# Maximale anzahl von Datensätzen in Access



## droni (1. Juli 2004)

Hallo, 
ich habe mal eine Frage.
Und zwar bekomme ich die Tage eine Adressdatei mit über 1,5 Millionen Adressen.
Normalerweise sortiere ich die immer in Excel durch, nur da gibt es ja das Limit von 65.536 Datensätzen. Excel scheidet somit aus.

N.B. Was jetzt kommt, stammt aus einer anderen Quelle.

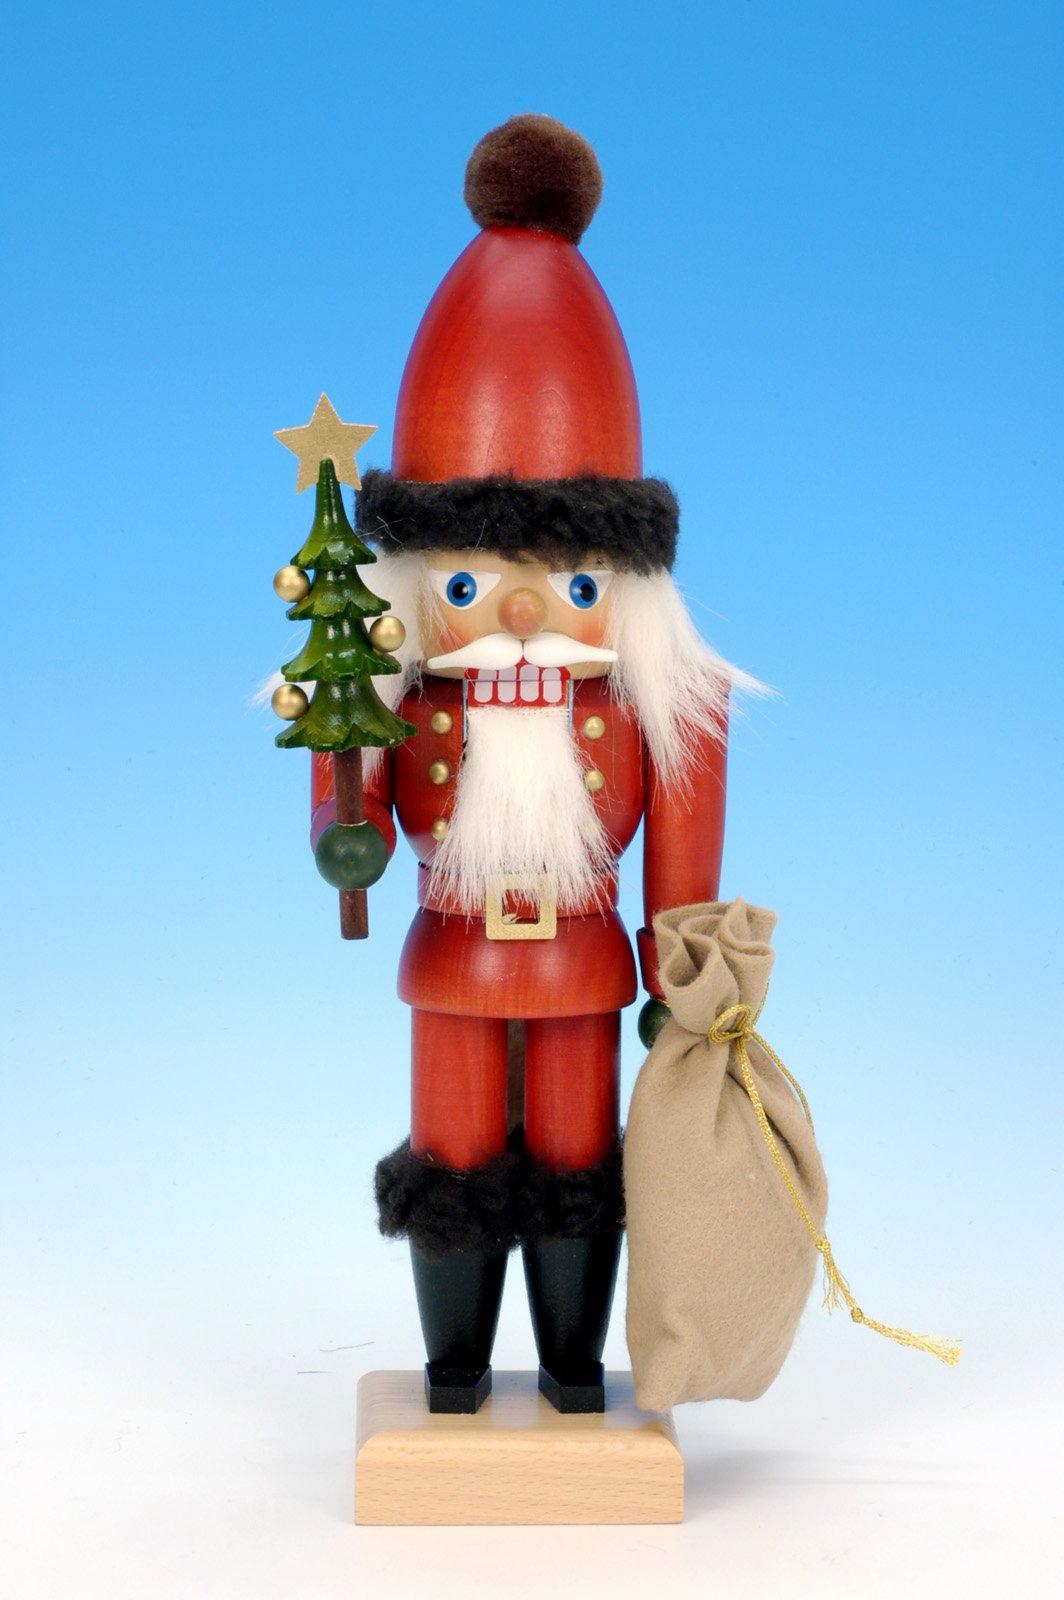 German Christmas Nutcracker Santa Claus - 30,0 cm / 12 inches - Authentic German Erzgebirge Nutcrackers - Christian Ulbricht by Ulbricht

Gibt es bei Access auch irgendwo ein Limit? Oder kann ich die 1,5 Millionen Datensätze da importieren?

MfG
droni


----------



## Gorcky (1. Juli 2004)

Richtig suchen, dann findest du dazu schon einen Thread.  
Access Datenbankgröße


----------



## droni (1. Juli 2004)

Den Beitrag hatte ich gefunden...aber komme damit nicht klar.
Oracle kommt nicht in frage, da für einen Auftrag so eine Datenbank zu kaufen lohnt nicht. 
Deswegen halt meine Frage zu Access...wenn der PC in die Knie geht, juckt mich nicht. Soll er ruhig machen.
Was ich wissen möchte ist....KANN das Access oder nicht.
Warum was anderes kaufen, wenn man ein Programm hat, was das evtl. könnte.


----------



## Slizzzer (1. Juli 2004)

Nach dem was in dem Thread steht und nach meinen Erfahrungen mit Access wird das nicht klappen!
Ein Versuch könntest Du aber wagen. Die Daten liegen Dir ja in irgendeiner Form vor?! Importier die einfach und warte ab, was passiert.
Mehr als schiefgehen kann es nicht .

MySQL eventuell ne Alternative? Da müßtest Du dann allerdings das Frontend mit irgendeiner Programmiersprache "basteln".


----------